Before we dive right into the code, let’s first install all the necessary dependencies with pip.

pip install webdriver-manager selenium anticaptchaofficial

Once we have those installed, we can go on right to the code. So without further ado, here the full code sample:

from selenium import webdriver
from selenium.webdriver.firefox.service import Service as FirefoxService
from webdriver_manager.firefox import GeckoDriverManager
from selenium.webdriver.common.by import By
from anticaptchaofficial.recaptchav3proxyless import *
import re


def solve_captcha(url, sitekey):
  solver = recaptchaV3Proxyless()
  solver.set_verbose(1)
  solver.set_key("YOUR_API_KEY_HERE")
  solver.set_website_url(url)
  solver.set_website_key(sitekey)
  solver.set_min_score(0.9)

  return solver.solve_and_return_solution()


driver = webdriver.Firefox(service=FirefoxService(GeckoDriverManager().install()))
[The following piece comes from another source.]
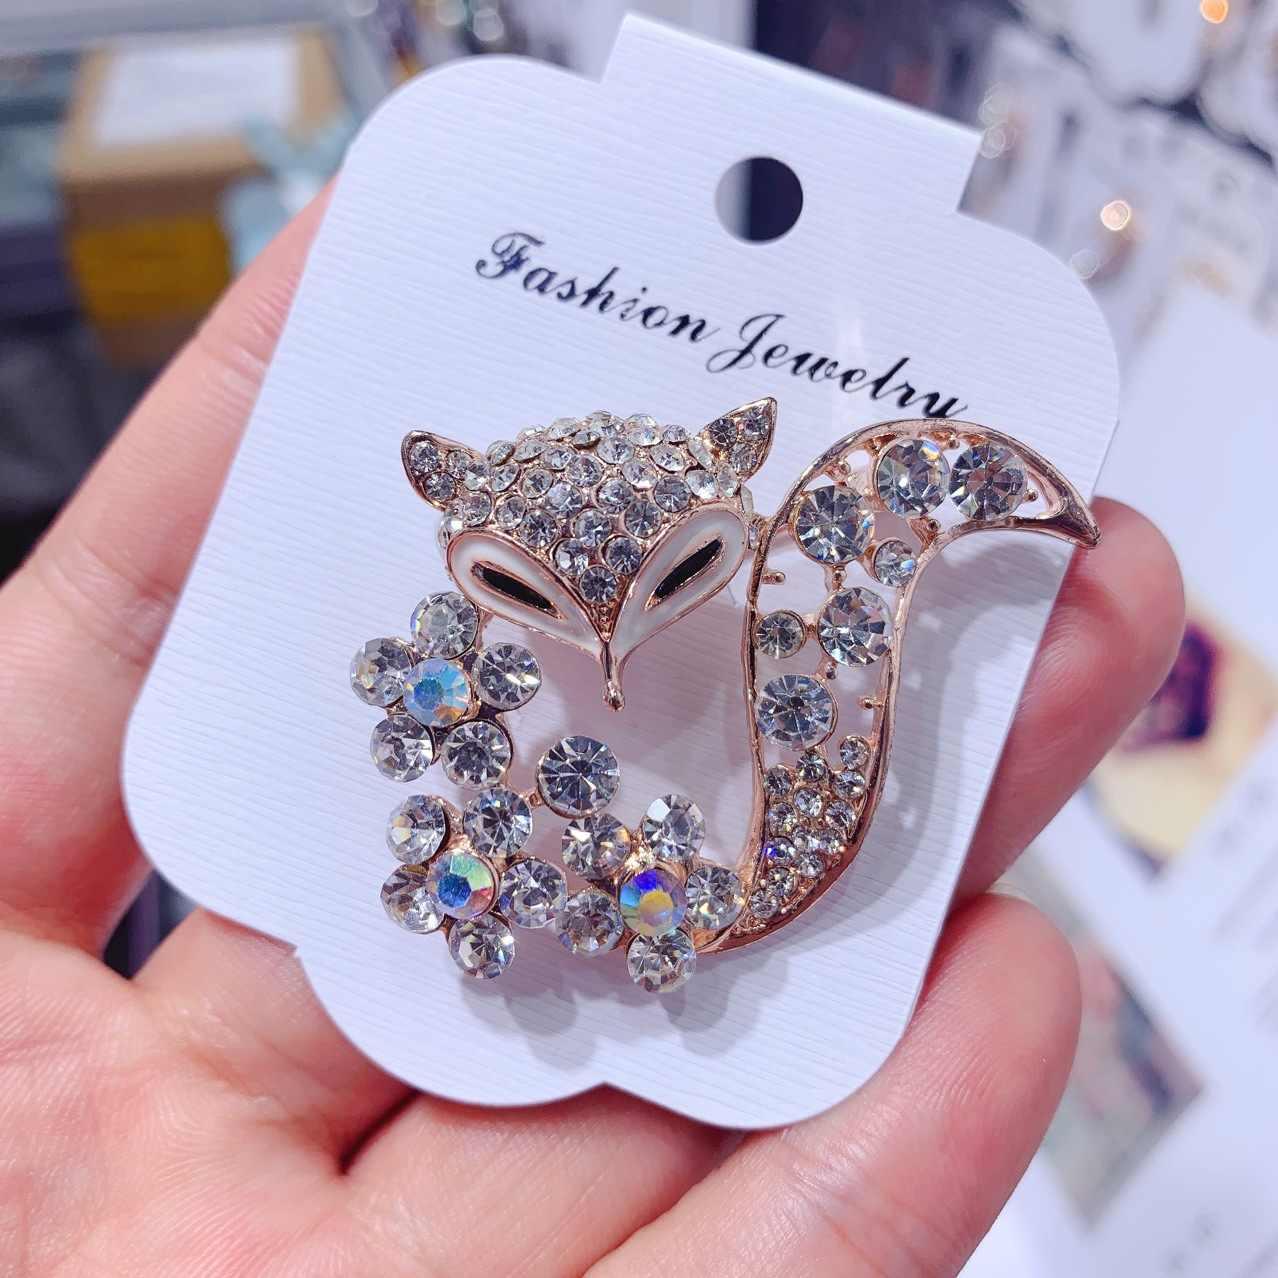 Broche con forma de zorro de zirconia con forma de pin para mujer, moderno suéter, abrigo, sombrero, bufanda, accesorios de ropa, joyería de lujo para banquete

driver.get("https://recaptcha-demo.appspot.com/recaptcha-v2-checkbox-explicit.php")

# Extract site key
sitekey = re.search('''sitekey['"]s*:s*(['"])(.+)\1''', driver.page_source)
if sitekey == None:
  print('No site key found, please configure manually')
  driver.quit()
  quit()

sitekey = sitekey.group(2)


user = driver.find_element(By.CSS_SELECTOR, 'input[name="ex-a"]')
user.clear()
user.send_keys('username')

pwd = driver.find_element(By.CSS_SELECTOR, 'input[name="ex-b"]')
pwd.clear()
pwd.send_keys('password')


captcha_response = solve_captcha(driver.current_url, sitekey)
if captcha_response == 0:
  print('Error during CAPTCHA resolution')
  driver.quit()
  quit()

# Set CAPTCHA value
driver.execute_script('document.querySelector("#g-recaptcha-response").innerHTML="' + captcha_response + '"');

# Click submit button
driver.find_element(By.CSS_SELECTOR, 'button[type="submit"]').click()

Beautiful, isn’t it? But what exactly are we doing here? Let’s figure that out one step at a time, shall we?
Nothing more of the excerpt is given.